Effective for 2019 and thereafter, the Compensation Committee, based upon a recommendation from FW Cook, adopted a new program for our executive officers, including our NEOs, regarding change in control benefits. Under this new program, change in control benefits are as follows:

 

  For the CEO, three times the sum of salary plus highest cash bonus in the last three years; and
  For the other NEOs, two times (reduced from three times) the sum of salary plus highest cash bonus in the last three years.
 

 

In 2019, Messrs. Iadanza and Janis entered into new agreements to reduce their change in control benefits under the new program. Due to the nature of their existing agreements, the new agreements do not go into effect until January 1, 2023. Mr. Bardusch entered into a new agreement as his benefits were increased under the new program. Mr. Hagedorn entered into an agreement upon his appointment to Senior Executive Vice President and CFO.

Also, in connection with the new program, commencing in 2019 all equity awards provide for accelerated vesting only upon a “double trigger”; i.e., a change in control followed by a qualifying termination of employment.
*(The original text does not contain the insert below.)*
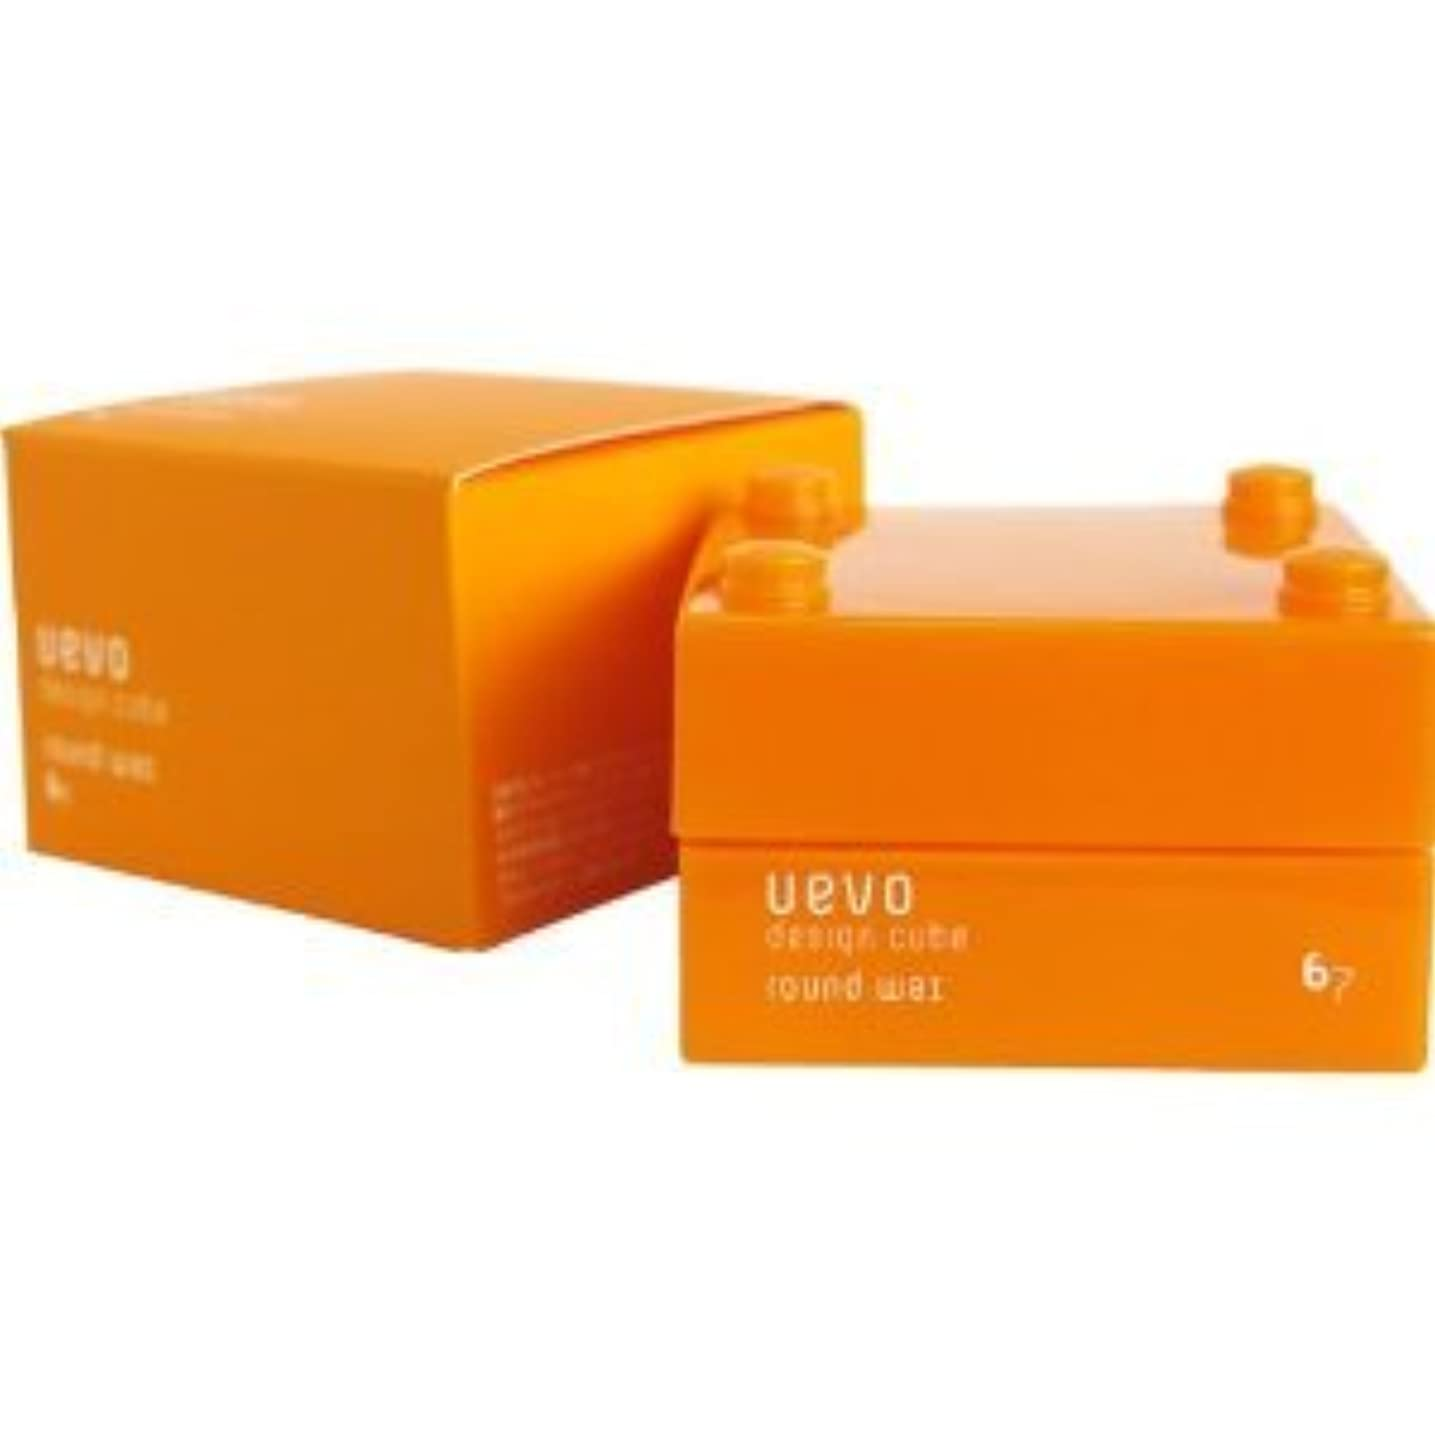 ポジティブ保険をかける慣れている【X2個セット】 デミ ウェーボ デザインキューブ ラウンドワックス 30g round wax DEMI uevo design cube

A more detailed explanation of these and other matters are set forth in this Proxy Statement under “Other Potential Post-Employment Payments” on page 50.

Our Peer Group

In setting compensation for our executives, we compared total compensation, each compensation element, and Valley’s financial performance to a peer group. For purposes of determining 2020 compensation, our peer group consisted of 19 bank holding companies, each with assets within a reasonable range above and below Valley’s asset size. The Compensation Committee believes that this peer group is an appropriate group for comparison because they are, on average, similar in size and complexity to Valley.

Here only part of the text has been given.